Berdasarkan uraian diatas maka peneliti ingin meneliti hubungan antara Efektivitas kepemimpinan dengan job insecurity pada karyawan PT.X.
I..B. Rumusan Masalah
Peneliti ingin mengetahui bagaimana hubungan antaraefektivitas kepemimpinan dengan job insecurity pada Karyawan PT.X.
I.C. Tujuan Penelitian
Tujuan penelitian ini adalah untuk mengetahui sejauh mana hubungan antara efektivitas kepemimpinan dengan job insecurity pada karyawan PT.X.
I.D. Manfaat Penelitian
I.D.1 Manfaat Teoritis Dapat dijadikan sebagai pembuktian secara empiris teori yang sudah ada.
I.D.2 Manfaat Praktis
Pemimpin dapat mengetahui bagaimana persepsi karywan terhadap kepemimpinanya,bagaimana hubungan antara efektifitas pemimpin dengan
job insecurtiy yang dimiliki oleh karyawannya dan dapat diketahui tingkat job insecurity karyawan
I.E. Sistematika penulisan
Skripsi ini disusun dalam lima bab, masing-masing bab memuat materi sebagai berikut:
BAB 1 Latar Belakang Bab ini berisikan penjelasan latar belakang permasalahan,perumusan masalah,tujuan penelitian,manfaat penelitian dan sistematika penulisan. BAB II mengenai landasan teori. Pada bagian ini berisi uraian teori yang menjadi acuan dalam pembahasan masalah. BAB III metodelogi penelitian. Pada bagian ini berisikan uraian yang menjelaskan mengenai pertanyaan penelitian,indentifikasi variable penelitian, defenisi operasional, populasi, sample dan metode pengambilan sample, teknik pengmbilan sample ,alat ukur penelitian , validitas dan rehabilitas alat ukur, prosedur pelaksanaan penelitian dan metode analisis data.

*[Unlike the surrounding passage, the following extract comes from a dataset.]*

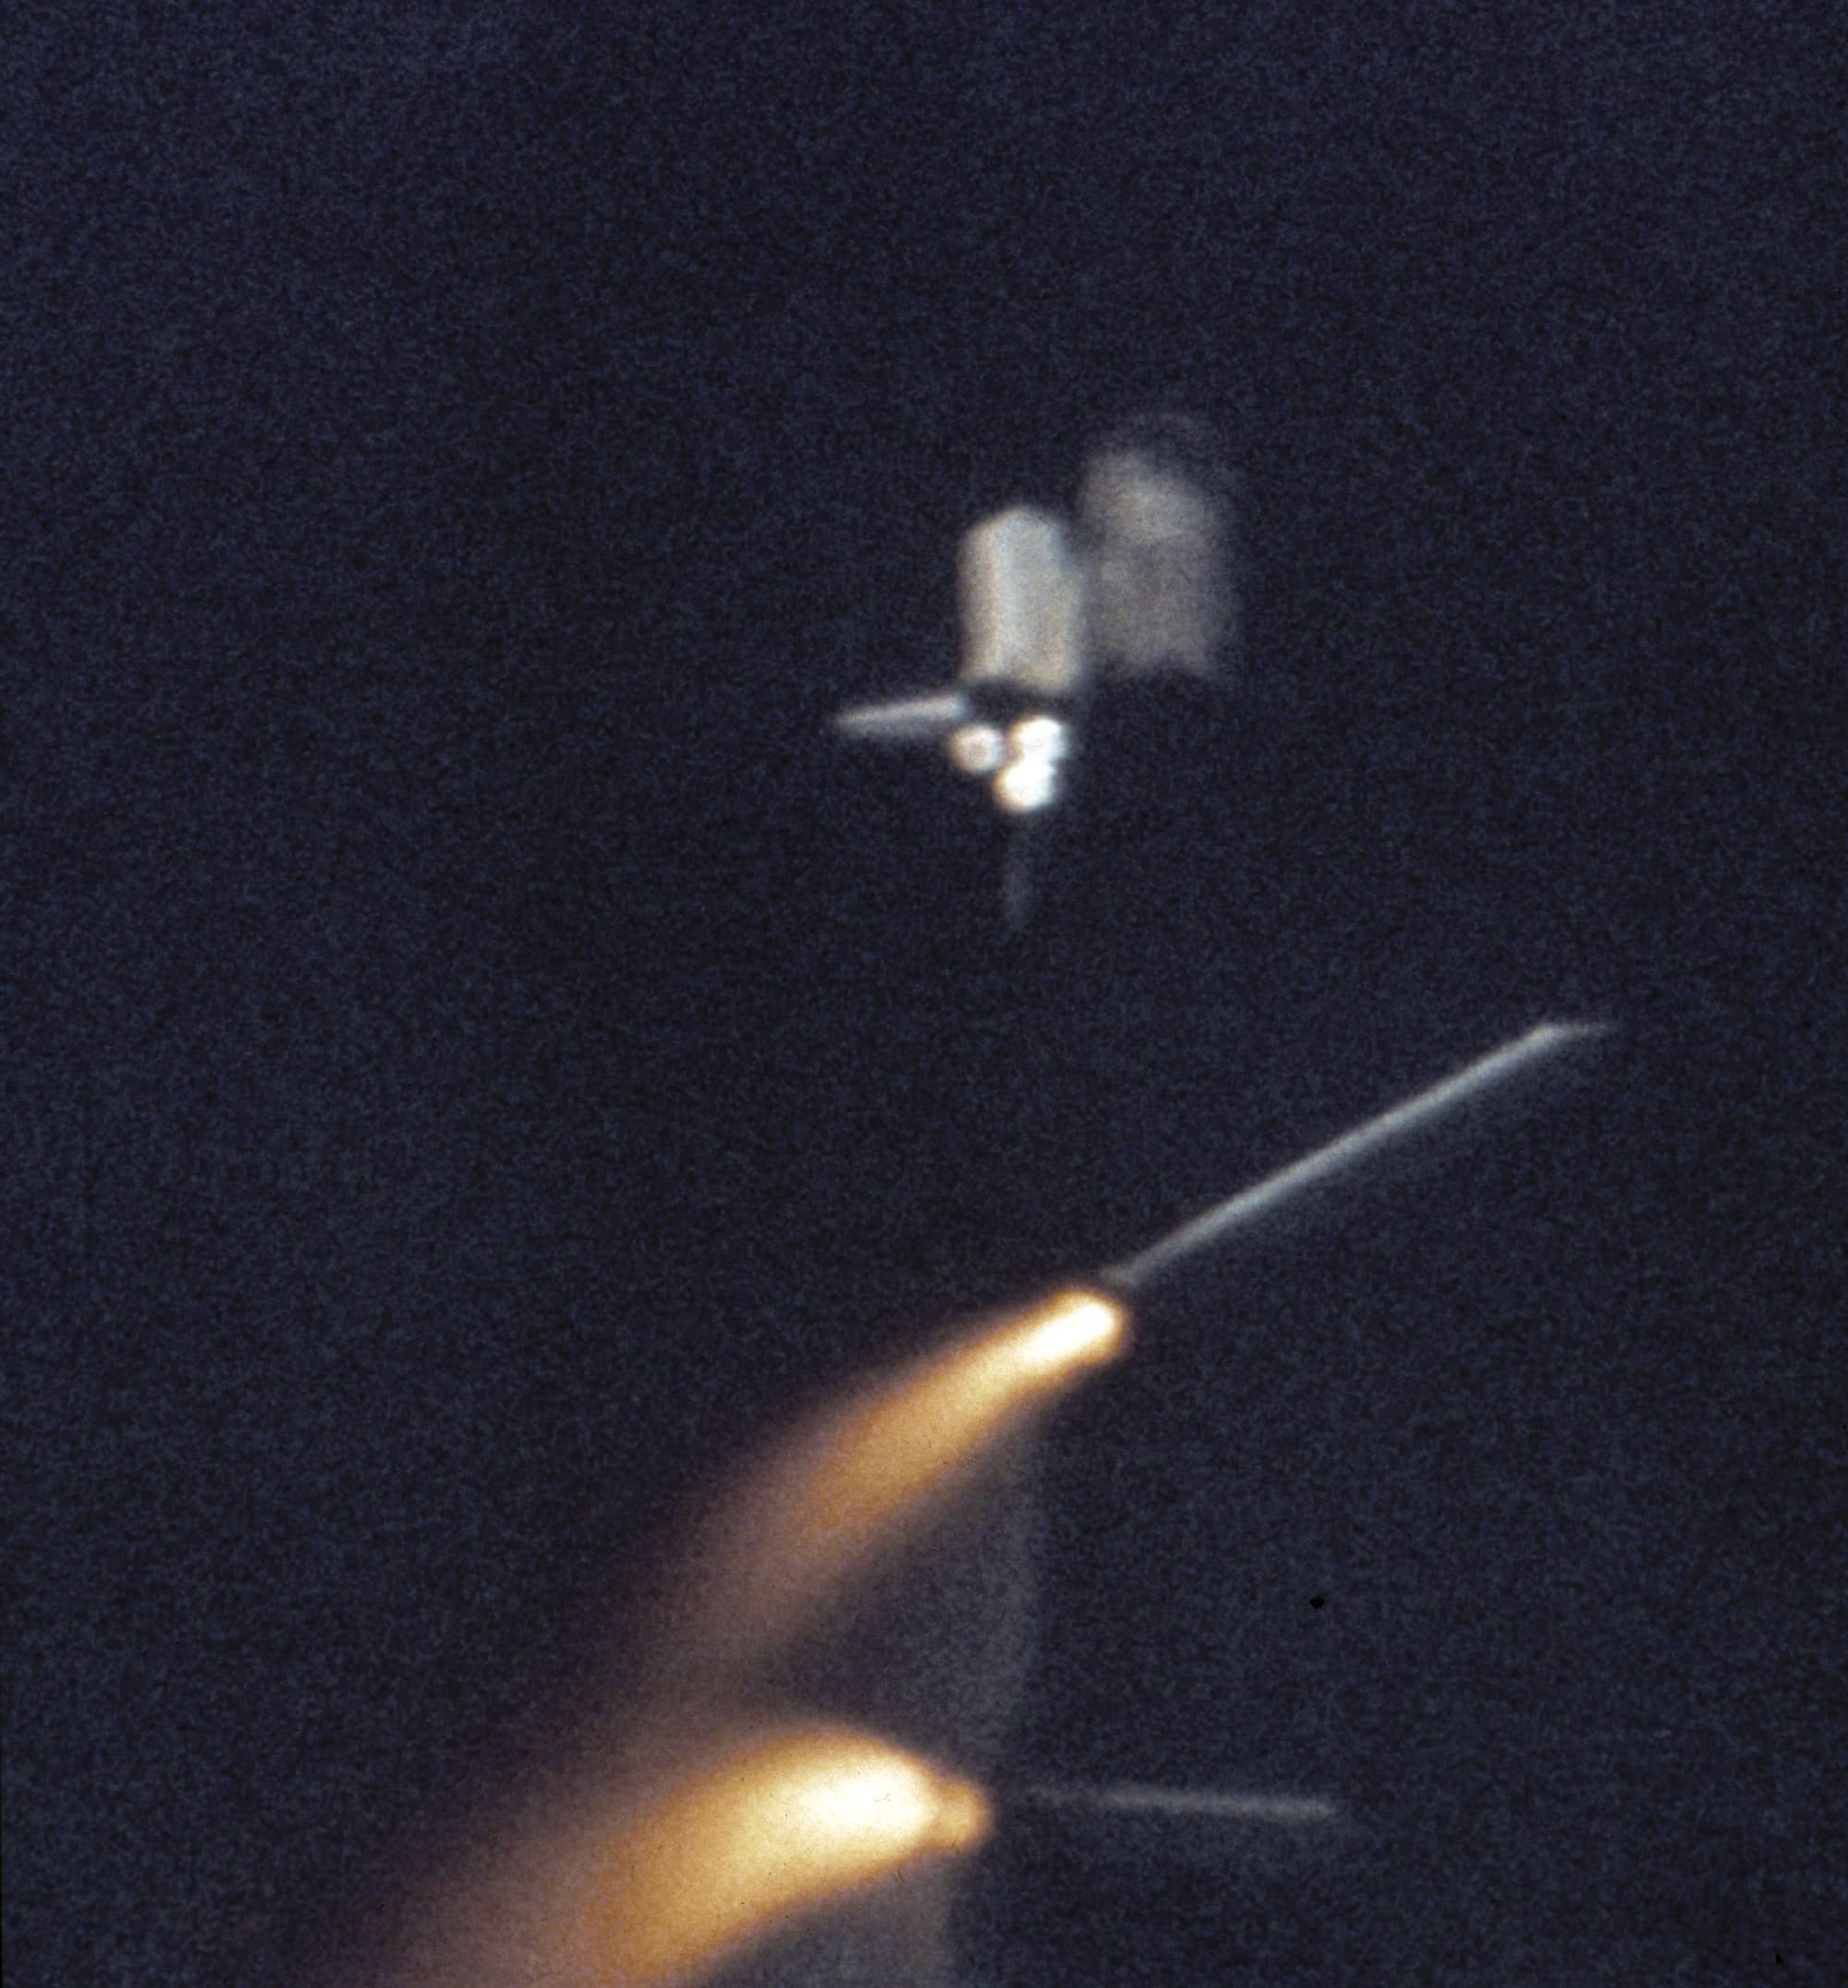 Columbia during ascent for STS-1 shortly after booster separation. ©NASA

BAB IV mengenai analisa data dan pembahasan. Pada bab ini akan dibahas mengenai analisa data dan hasil penelitian, interpretasi data dan pembahasan dari kuisioner yang telah di sebarkan kepada para partisipan.
BAB V mengenai kesimpulan dan saran.bab ini membahas mengenai kesimpulan penelitian mengenai hasil penelitian serta saran penelitian berupa saran metodelogis dan saran praktis bagi peneliti selanjutnya.